[Python-ideas] Async API

Itamar Turner-Trauring itamar at futurefoundries.com
Fri Oct 26 18:57:16 CEST 2012


On Fri, Oct 26, 2012 at 12:36 PM, Guido van Rossum <guido at python.org> wrote:

> On Fri, Oct 26, 2012 at 8:52 AM, Laurens Van Houtven <_ at lvh.cc> wrote:
> > err, I suppose the missing bit there is that you'll probably want to:
> >
> > reactor.callLater(timeout, d.cancel)
> >
> > As opposed to calling d.cancel() directly. (That snippet was in
> > bpython-urwid with the reactor running in the background, but I doubt
> it'd
> > work well anywhere else outside of manholes :))
>
> So I think that Yuri's original problem statement, transformed to
> Twisted+Deferred, might still apply, depending on how you implement
> it. Yuri essentially did this:
>
> def foobar():  # a task
>     try:
>         yield <blocking action>
>     finally:
>         # must clean up regardless of whether action succeeded or failed:
>         yield <blocking cleanup>
>
> He then calls this with a timeout, with the semantics that if the
> generator is blocked in a yield when the timeout arrives, that yield
> raises a Timeout exception (and at no other time is Timeout raised).
> The problem with this is that if the action succeeds within the
> timeout, but barely, there's a chance that the cleanup of a
> *successful* action receives the Timeout exception.
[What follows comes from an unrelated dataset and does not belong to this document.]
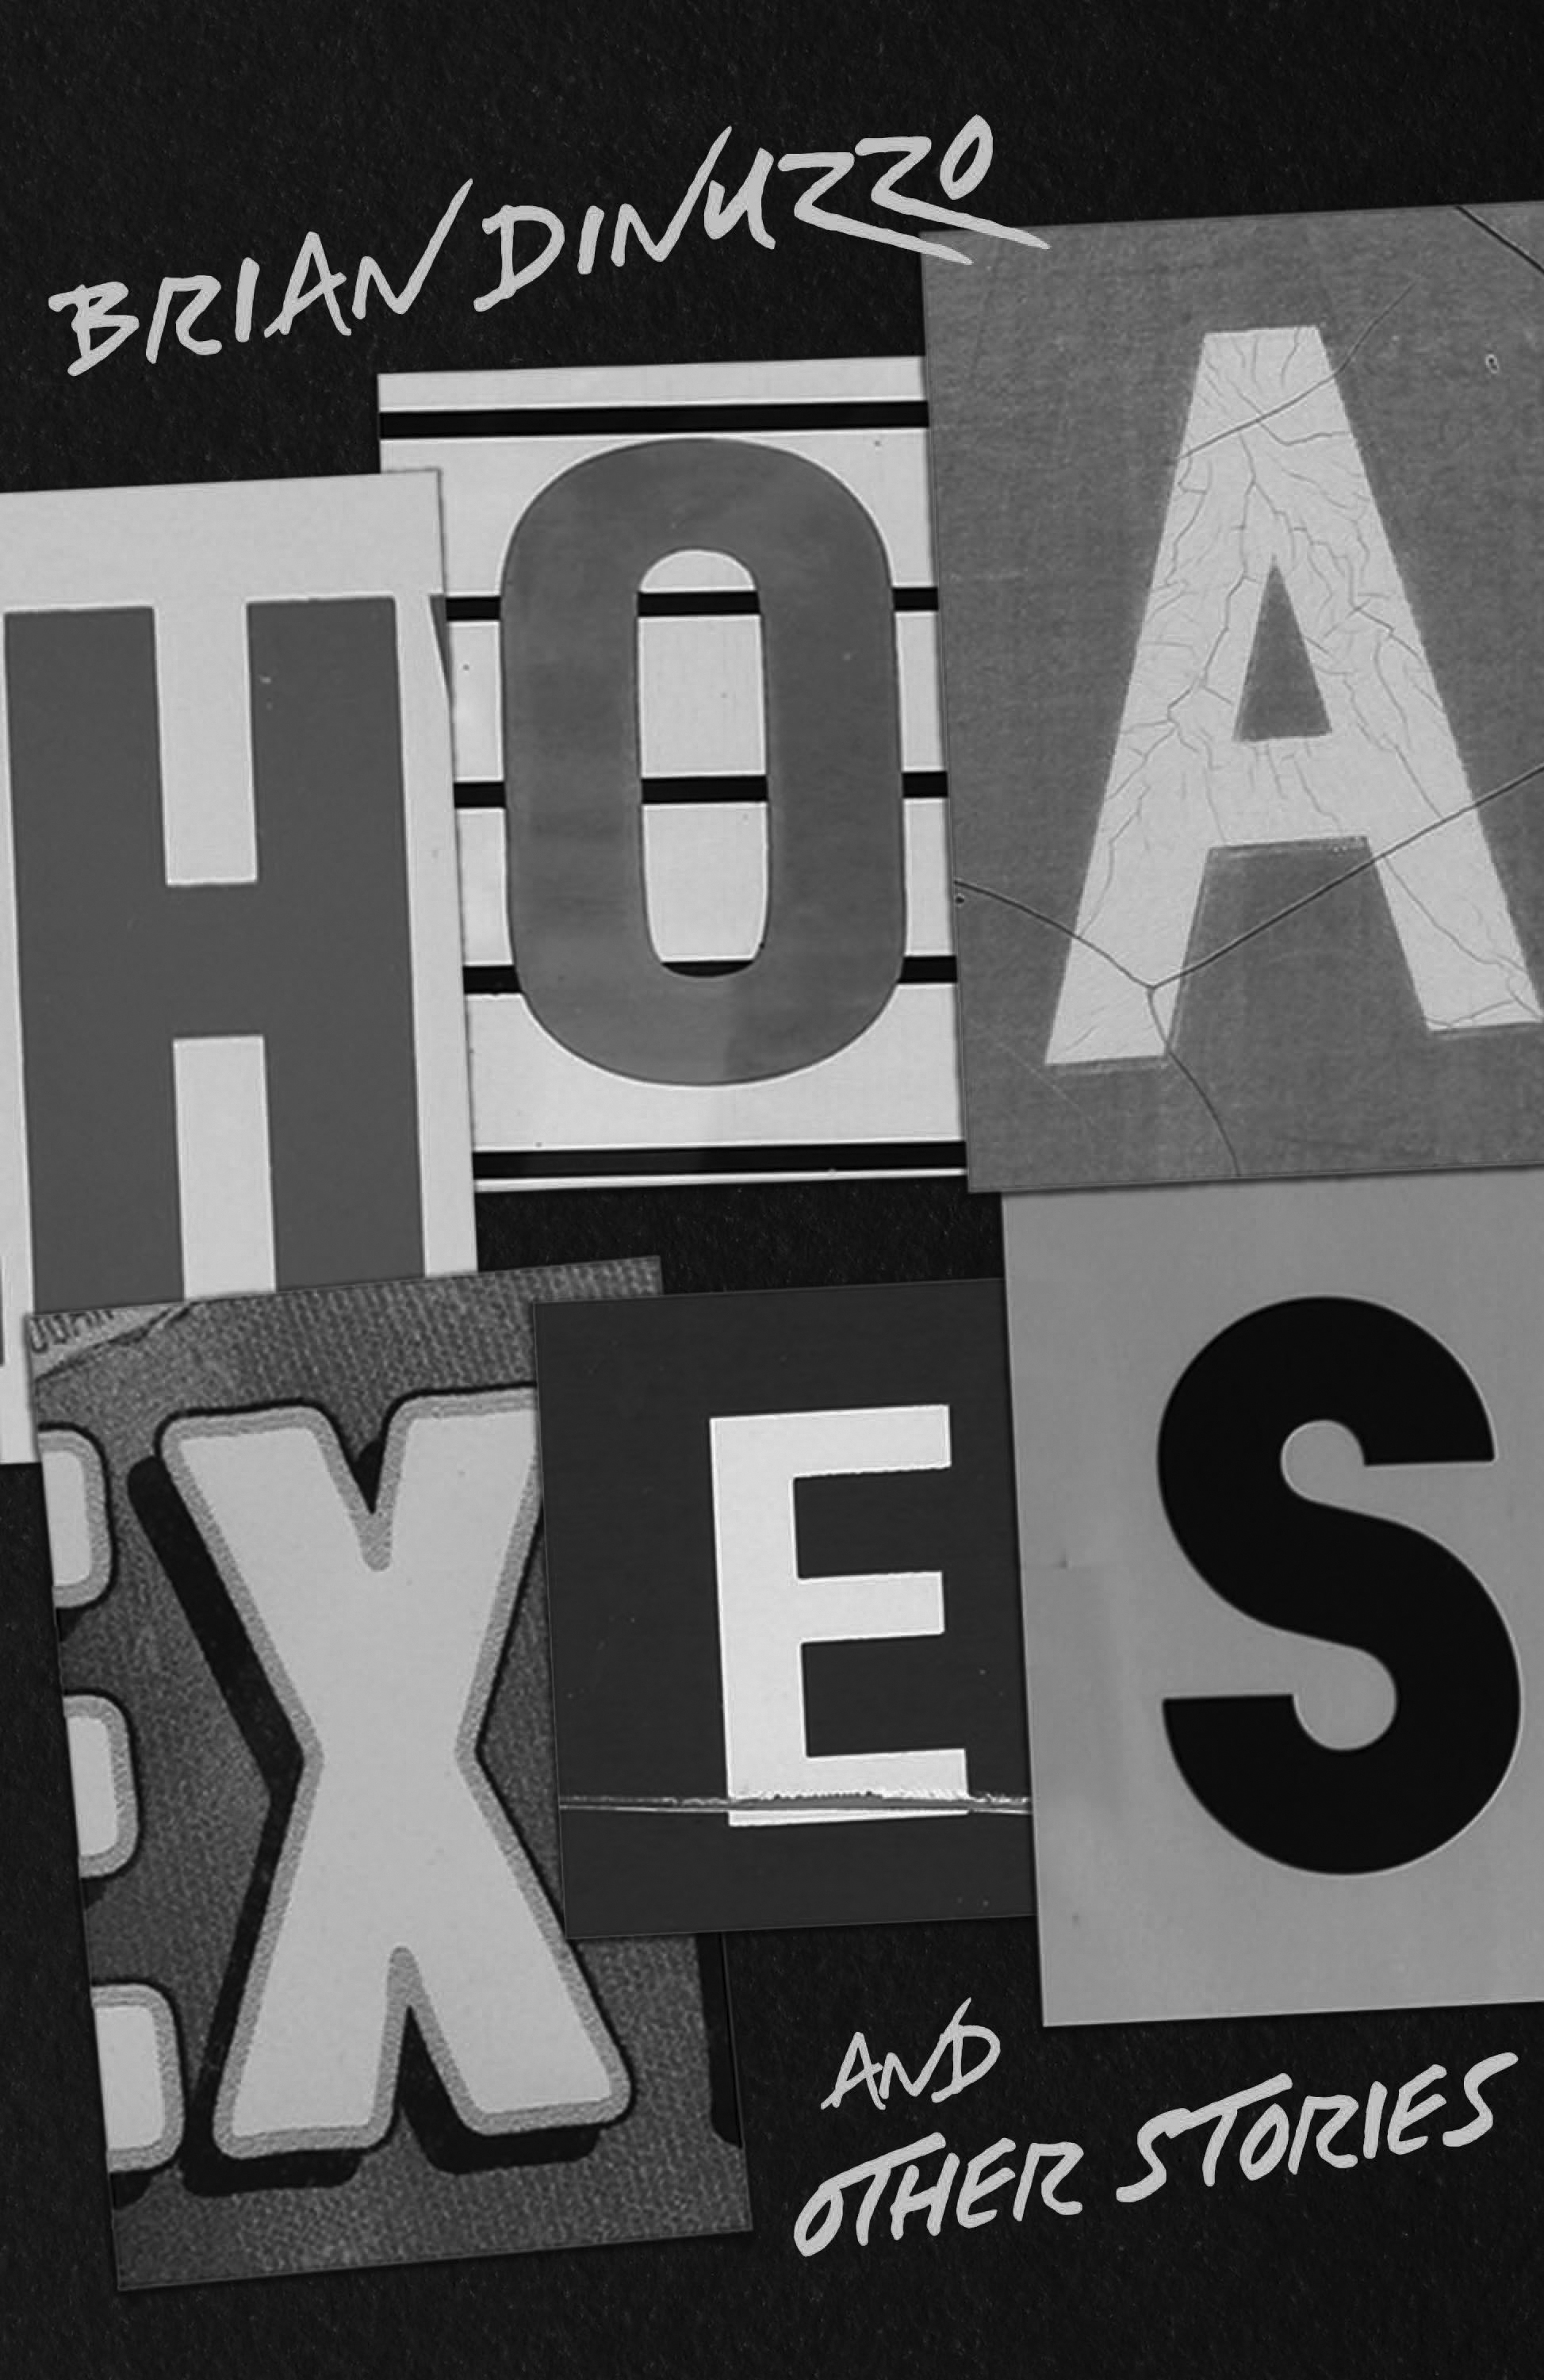 UW Press: Hoaxes and Other Stories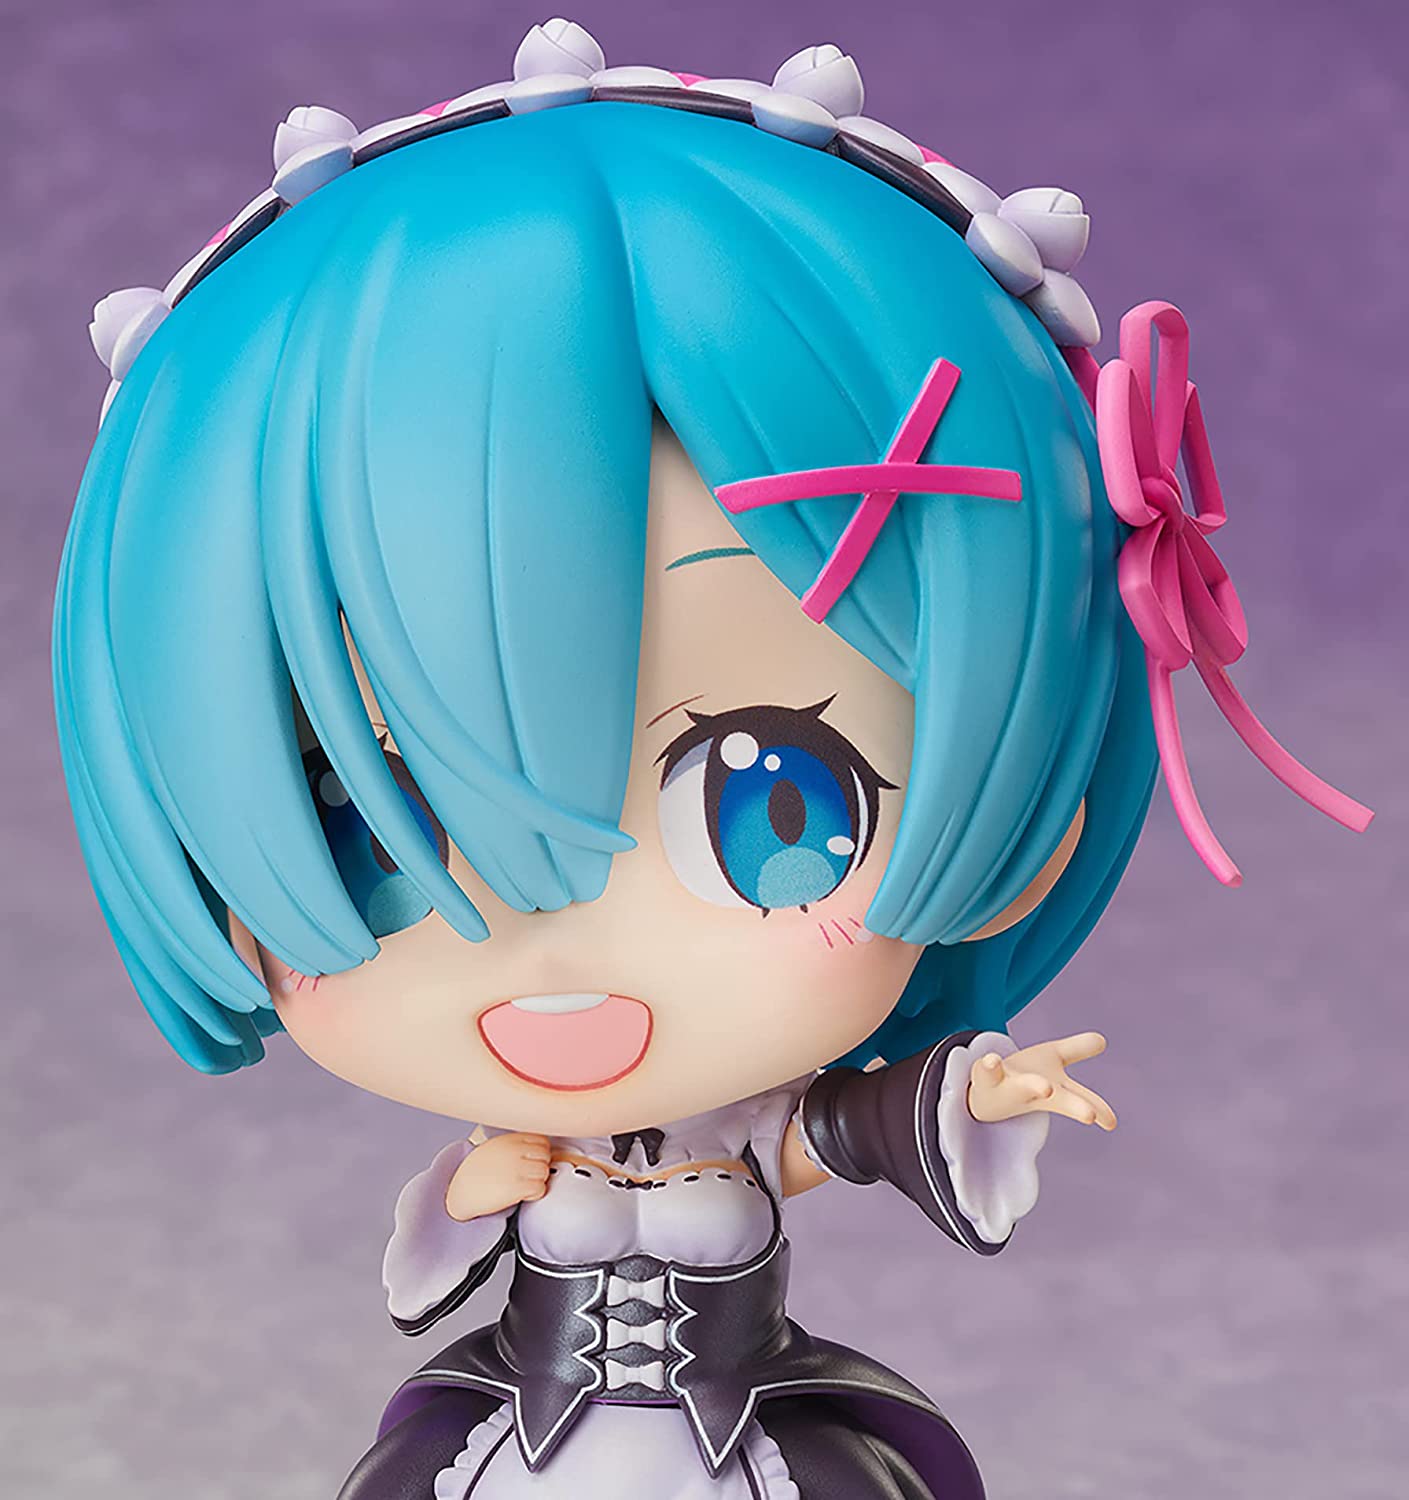 Chouaiderukei Series PREMIUM BIG Re:ZERO -Starting Life in Another World- Rem Coming Out to Meet You Ver. Artistic Coloring Finish Figure | animota

Apparently this
> bit Yuri. I'm not sure how you'd model that using just Deferreds, but
> using inlineCallbacks it seems the same thing might happen. Using
> Deferreds, I assume there's a common pattern to implement this that
> doesn't have this problem. Of course, using coroutines, there is too
> -- spawn the cleanup as an independent task.
>

If you call cancel() on a Deferred that already has a result, nothing
happens. So you don't get a TimeoutError if the operation has succeeded (or
failed some other way). This would also be true when using inlineCallbacks,
so there's no issue.

In general I'm not clear why this is a problem: in a single-threaded
program only one thing happens at a time. Your code for triggering a
timeout always has the option to check if the operation has succeeded,
without worrying about race conditions.